I've just noticed that if you take the Elemental Disciple of Death feat, you can't have any Life spell lists...which includes Move Life, the list with soul-stealing magic. Just thought it was amusing...Also, you can't become an Elemental Guardian of Death, because it has no friendly elements. Unsure whether that's on purpose or not. I noticed these when making a high-level EoM(R) necromancer.


----------



## Verequus (Jan 10, 2005)

Actually, there are more elements with no friendly elements - next to Life all of the unifying elements. Furthermore, I have to admit, that I don't like it, that several instances forbid the knowledge of some spell lists - one of the very things I like about the specialisation feats is, that you can become a specialist of everything (except Create ) without sacrifacing knowledge. The other thing, I like, is, that you don't start as a specialist, but grow into one. The above mentioned restriction validates this wonderful idea.

 As a houserule, I'll won't require the ignorance of the opposed elements, next to the addition, that elements without friendly elements need then the knowledge of the opposing one. This allows to become Guardians of Life and Death simultaneously, but you have still to use at least one feat for each element, so it isn't really a concern. Hmm, I see, that no unifying element has an opposing element. In that case, every unifying element has to be known.

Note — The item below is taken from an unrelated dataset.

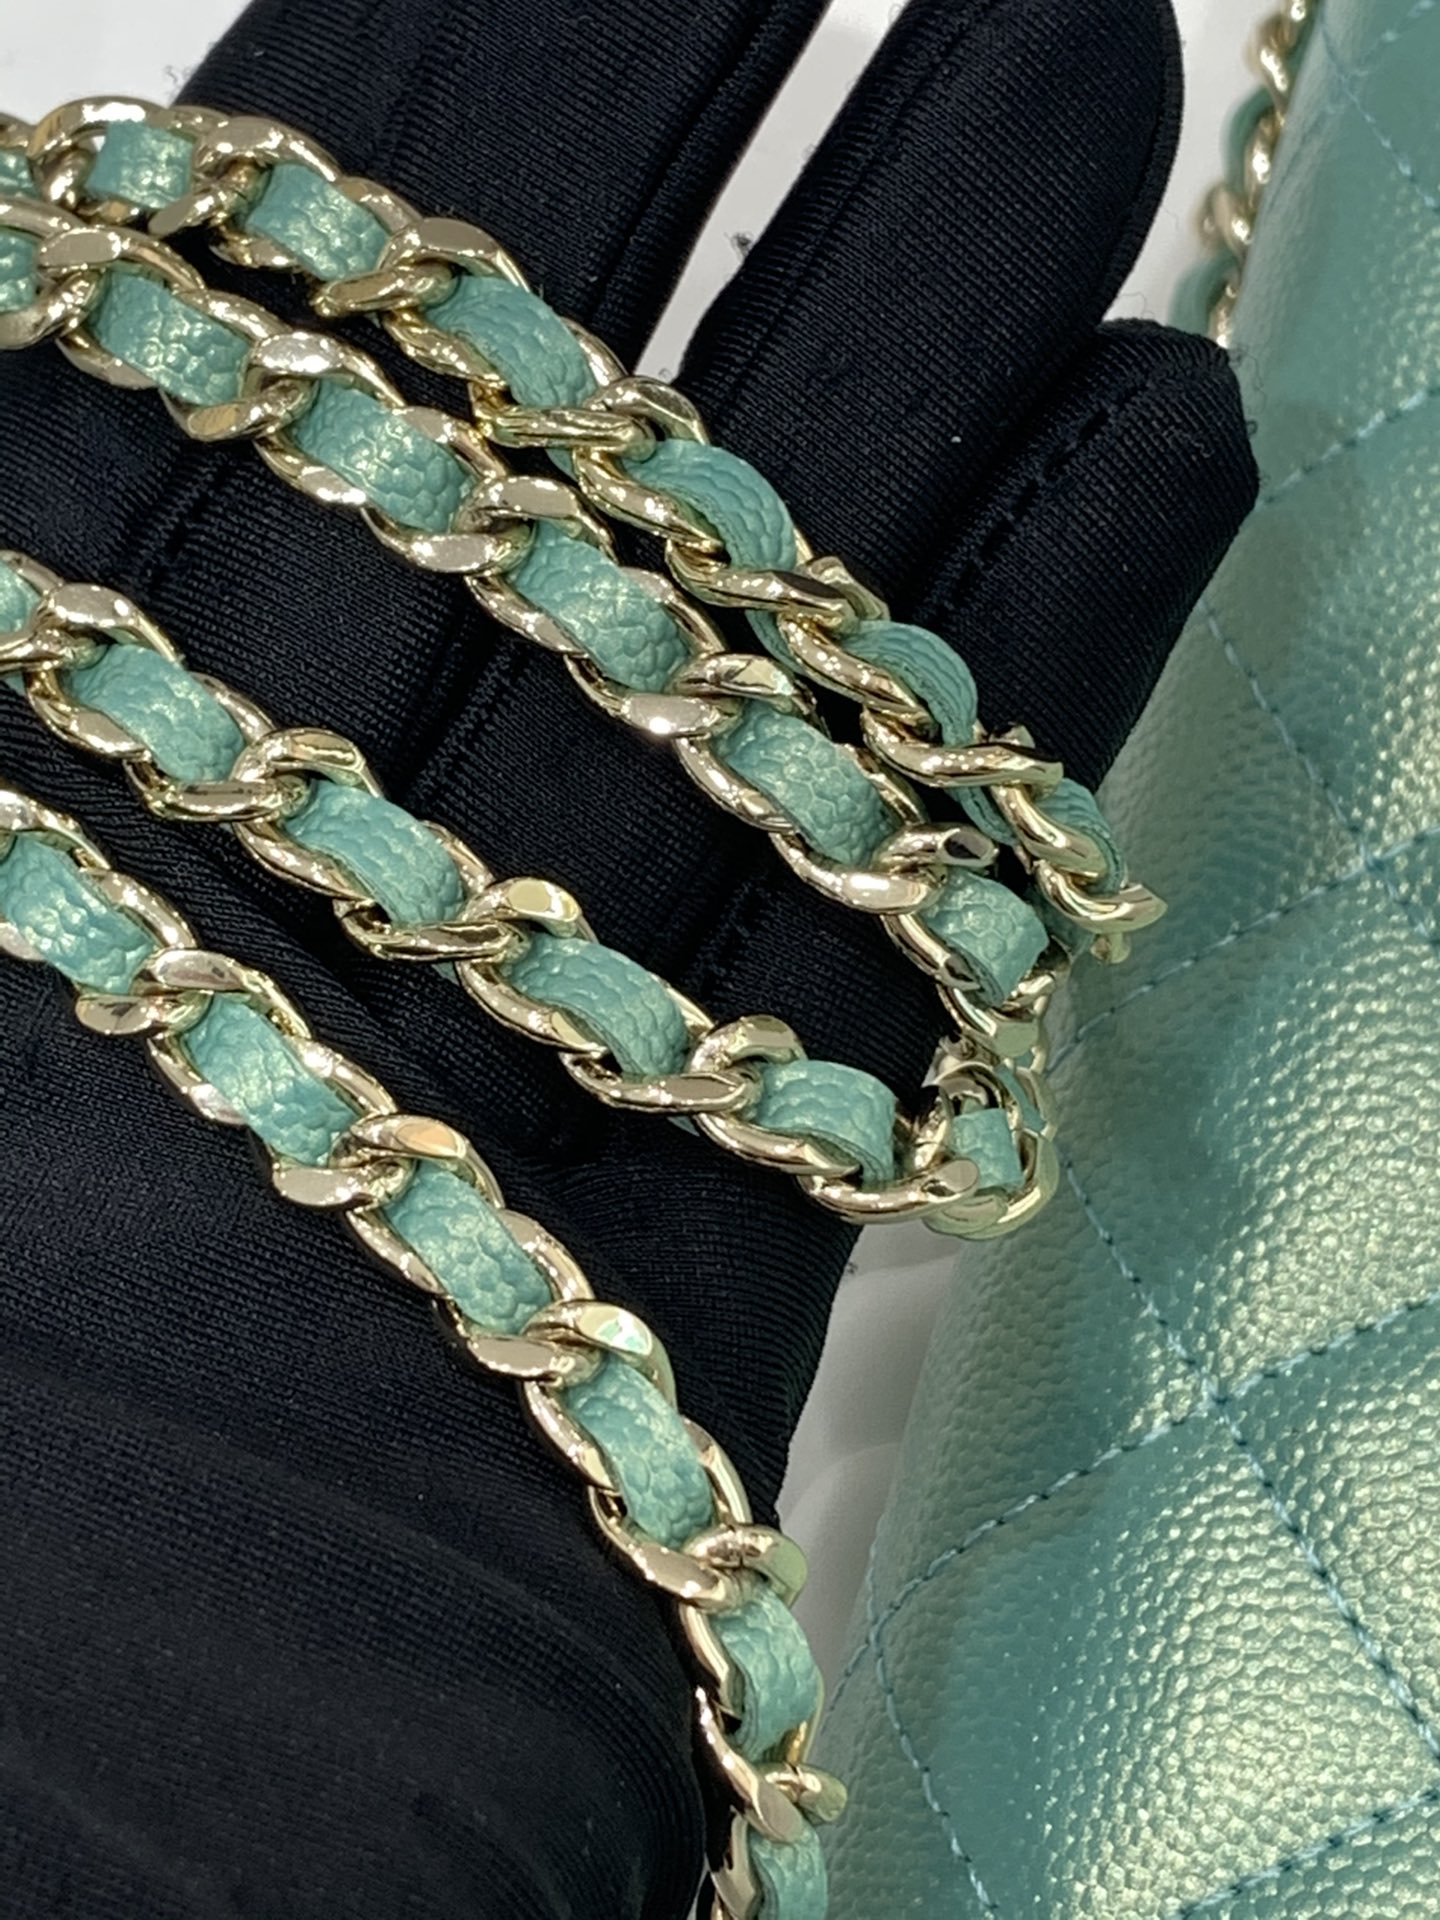 【按扣版】Chanel WOC链条包 新款变色woc 珠光皮 不同光线变换出炫彩 19.5-13-3.5cm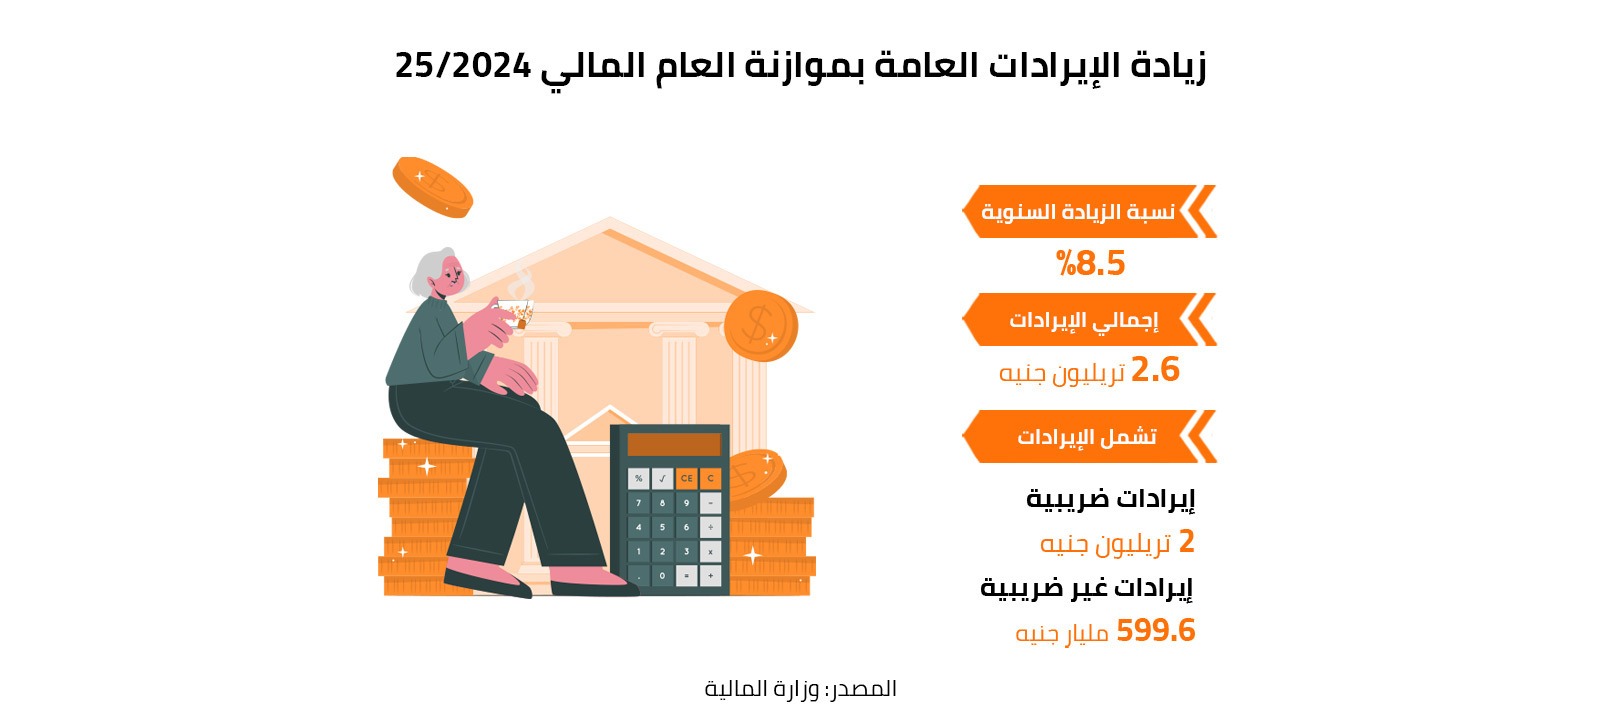 زيادة الإيرادات العامة بموازنة العام المالي 2024/25

 Another discovery, I just made: Earth, Crystal and Metal don't have any opposing elements? Because they don't deal energy damage?


----------



## RangerWickett (Jan 11, 2005)

Most of the tradition feats in LA are designed mostly for flavor, so in the case of elementalism I was focusing on the classic 4-element system, where oppositions are strong.  But if in your game you're willing to let a mage dabble in opposed magic, there wouldn't be any balance issues that I can see.

Earth, metal, crystal, and nature don't have opposing energy types, true.  It was a bit of a mistake on my part to not fully look at what elements are actually opposed to everything; I knew what flavor I wanted, saw that fire and water opposed each other nicely, and didn't check all the other elements.  Again, though, the goal of the feats was to allow for interesting abilities involving specific elements.  The spell list knowledge prerequisites are mostly there to encourage specific types of characters that are appropriate for the magical tradition of Elemental Guardians.  In which case, earth opposes air and air's friends, water opposes fire and fire's friends, and vice versa.


----------



## John Q. Mayhem (Jan 11, 2005)

I'm thinking that I might only allow the Disciple/Guardian feats with the classical elements, but I like the idea of a necromancer being able to "smell" Death magic...I'll tinker it out. I love EoM[R] and Lyceian Arcana, Ranger, so please don't think I'm nitpicking. You did a great job.


----------